A Convex Framework for Confounding Robust Inference
Kei Ishikawa, Niao He, Takafumi Kanamori
TL;DR
This work addresses robust policy evaluation for offline contextual bandits under unobserved confounding by proposing a convex framework that yields a sharp lower bound on policy value. The core idea is to reformulate the infinite-dimensional conditional moment constraints as tractable convex problems via weight reparameterization and a kernel-based low-rank approximation (KCMC), with strong duality allowing an empirical risk minimization interpretation. The framework supports extensions to f-divergence-based uncertainty, model selection via cross-validation or information criteria, and robust policy learning, while guaranteeing consistency and asymptotic normality of both evaluation and learning procedures. Empirical results demonstrate tighter bounds and effective policy learning across discrete and continuous actions, validating the practical impact of this convex, kernel-based approach for confounding-robust inference.
Abstract
We study policy evaluation of offline contextual bandits subject to unobserved confounders. Sensitivity analysis methods are commonly used to estimate the policy value under the worst-case confounding over a given uncertainty set. However, existing work often resorts to some coarse relaxation of the uncertainty set for the sake of tractability, leading to overly conservative estimation of the policy value.

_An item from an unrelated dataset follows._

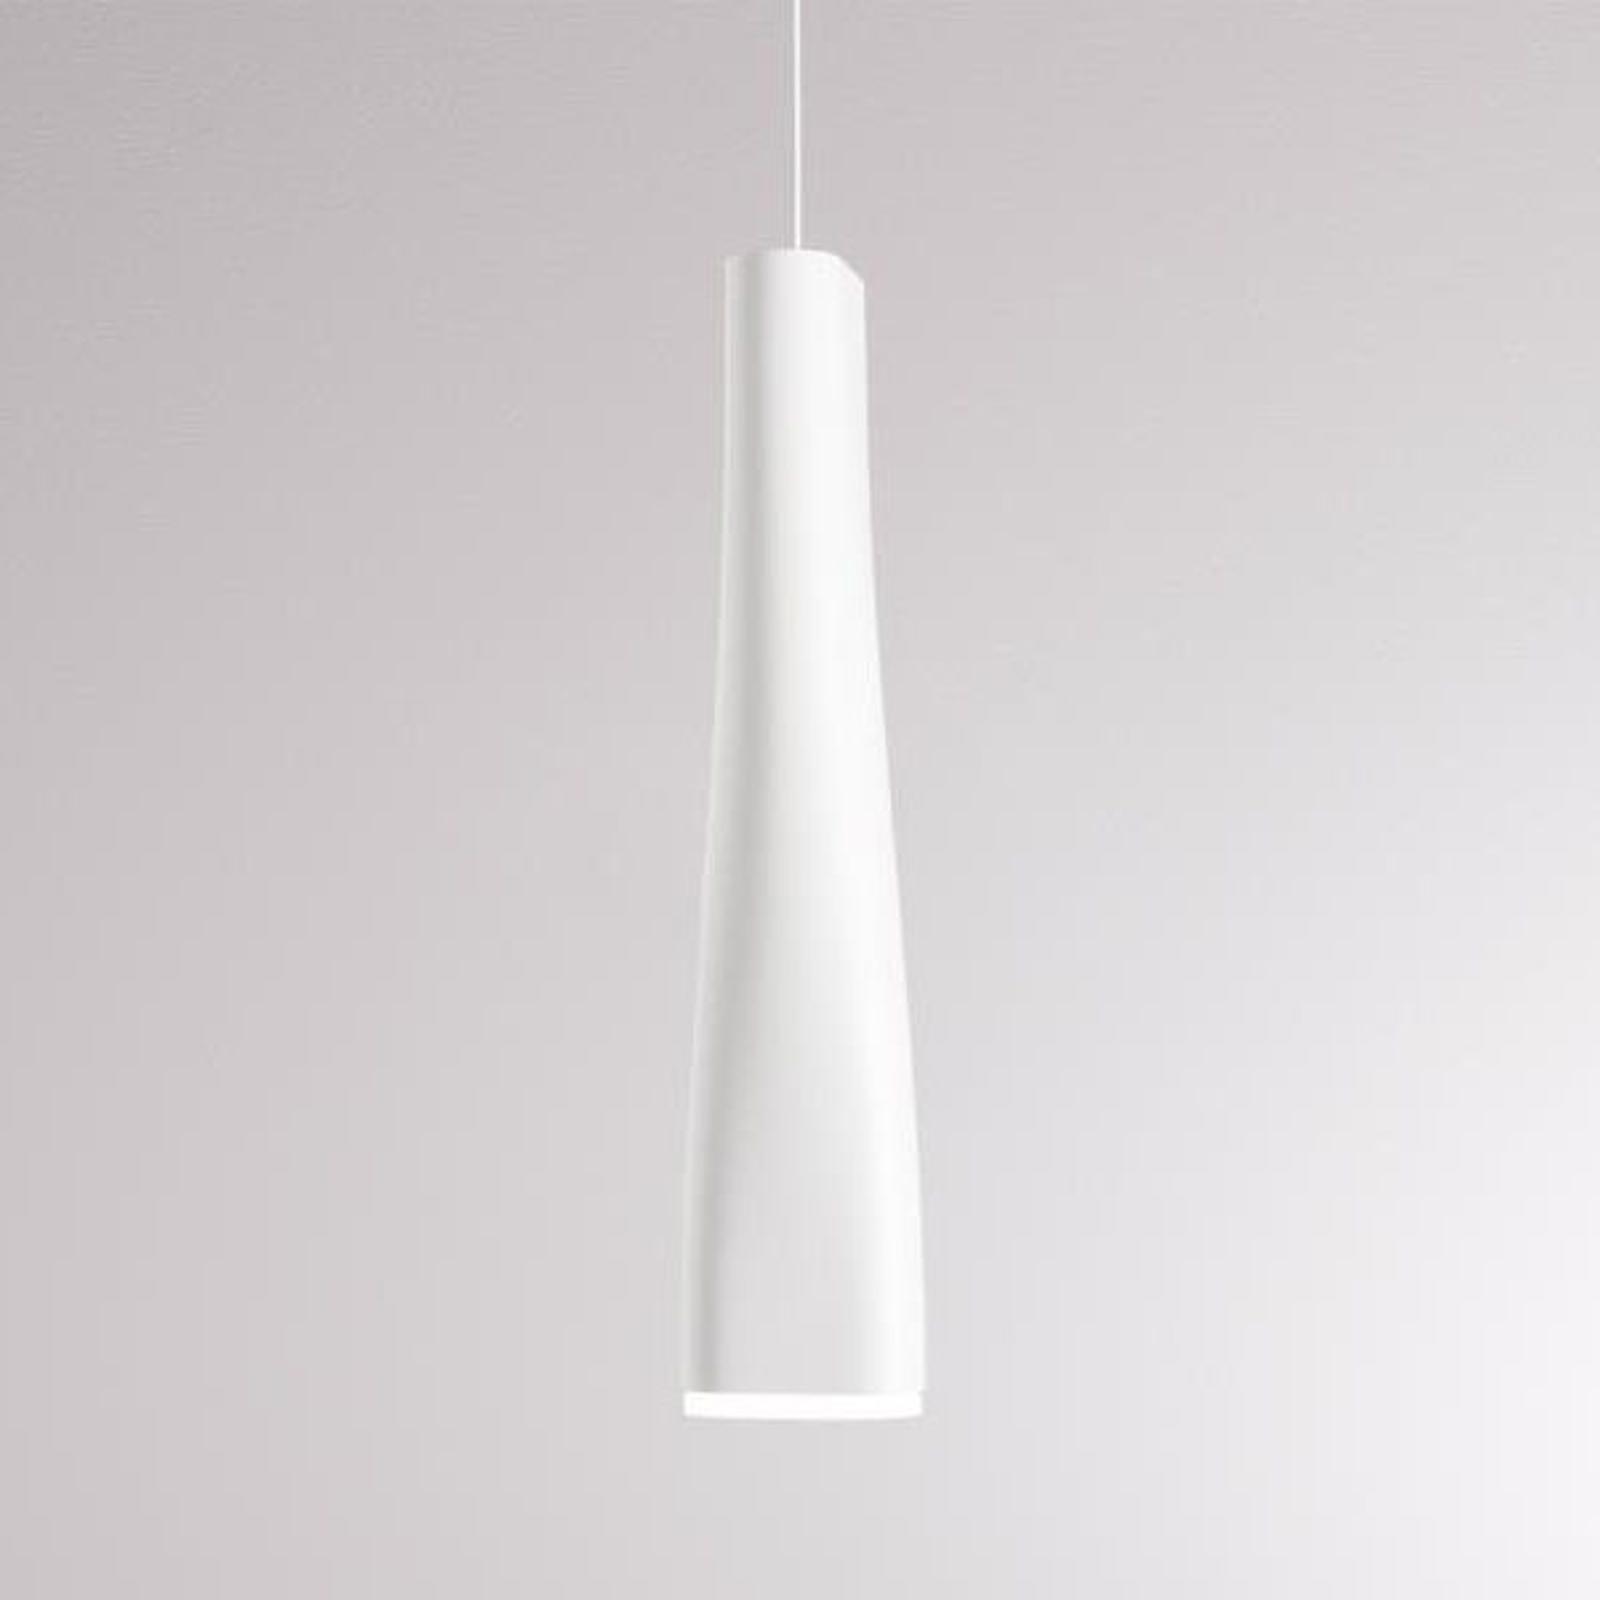 LOUM Fiume lampa wisząca LED biała

In this paper, we propose a general estimator that provides a sharp lower bound of the policy value using convex programming. The generality of our estimator enables various extensions such as sensitivity analysis with f-divergence, model selection with cross validation and information criterion, and robust policy learning with the sharp lower bound. Furthermore, our estimation method can be reformulated as an empirical risk minimization problem thanks to the strong duality, which enables us to provide strong theoretical guarantees of the proposed estimator using techniques of the M-estimation.